The workshop provided an opportunity for interested stakeholders to exchange relevant information and develop an overview of next steps to advance standards for energy efficiency. Presentations and discussion panels addressed requirements and challenges of energy efficiency standardization work in a variety of fields, including industrial systems, power generation, buildings, and electrical and electronic appliances.

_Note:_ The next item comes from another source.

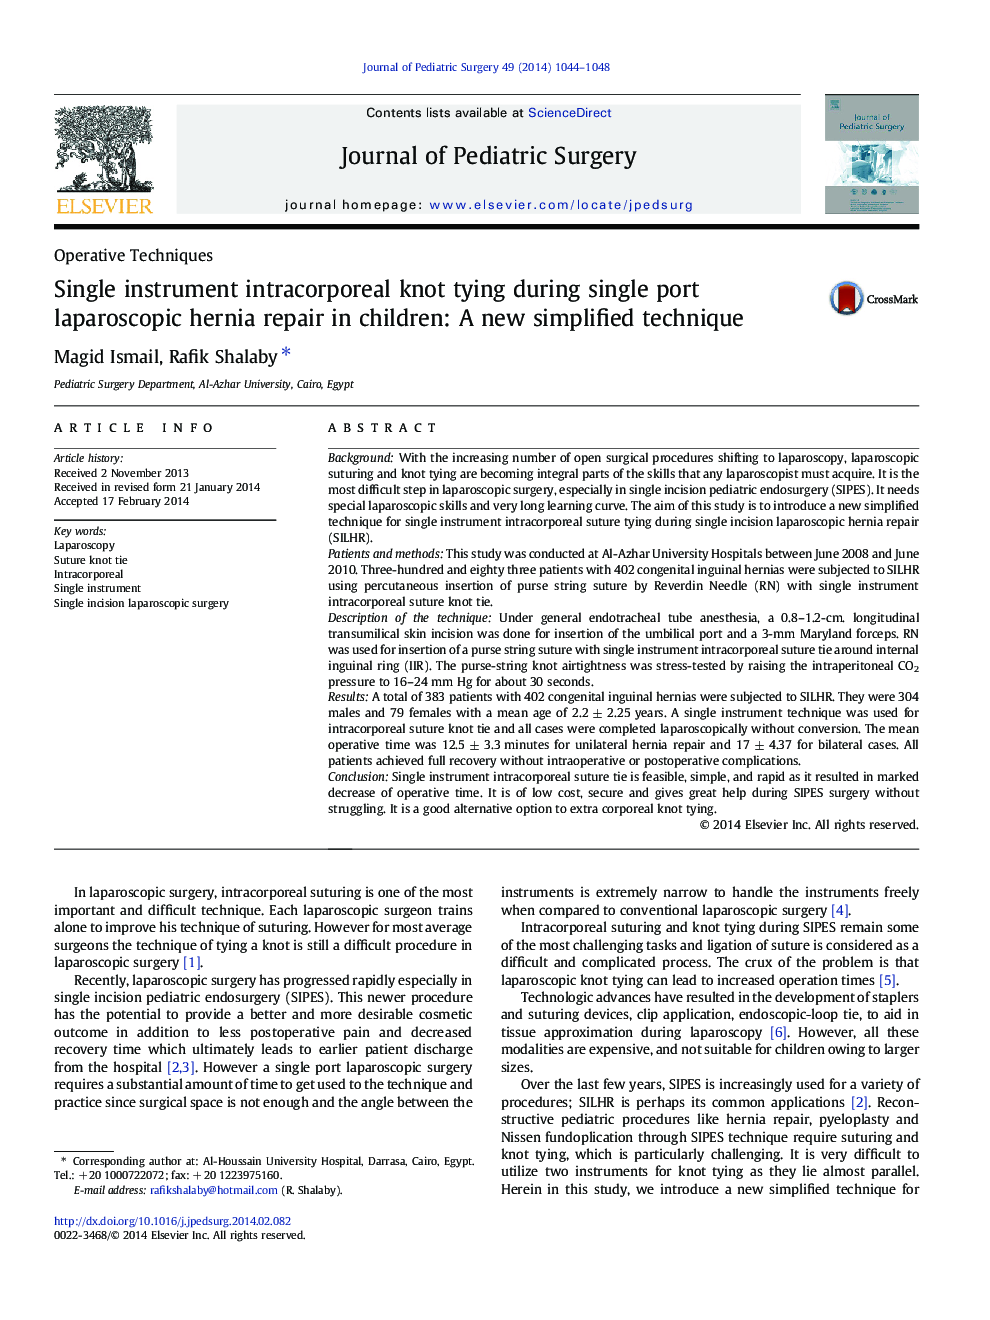 Single instrument intracorporeal knot tying during single port laparoscopic hernia repair in children: A new simplified technique

Several recommendations came out of the workshop:
Highlight and promote the complementary relationship between public policies and technical standards, communicating clearly that standards provide technical solutions
Encourage participation by all stakeholders with relevant interests in promoting energy efficiency and reducing carbon emissions (particularly representatives of public authorities and consumers) from the earliest stages in the standards development process
Improve coordination and optimize involvement of experts in ongoing standardization work at the sectoral, national, regional, and international levels, ensuring exchange of information and promoting the use of already existing standards
Adjust standardization processes and deliverables to be more adaptive in addressing fast-moving technologies and evolving usage contexts of products and services
Commenting on the event, IEC General Secretary & CEO Aharon Amit said, "We need to be able to generate, transmit, and distribute more electricity with reduced impact. And we need to use electricity more intelligently. While the IEC continues to issue the standards for existing technologies, including energy efficiency for industrial and domestic uses, it is also working on new areas including ultra high voltage transmission and integrated smart grids, while continuing to maximize the potential from renewable energies."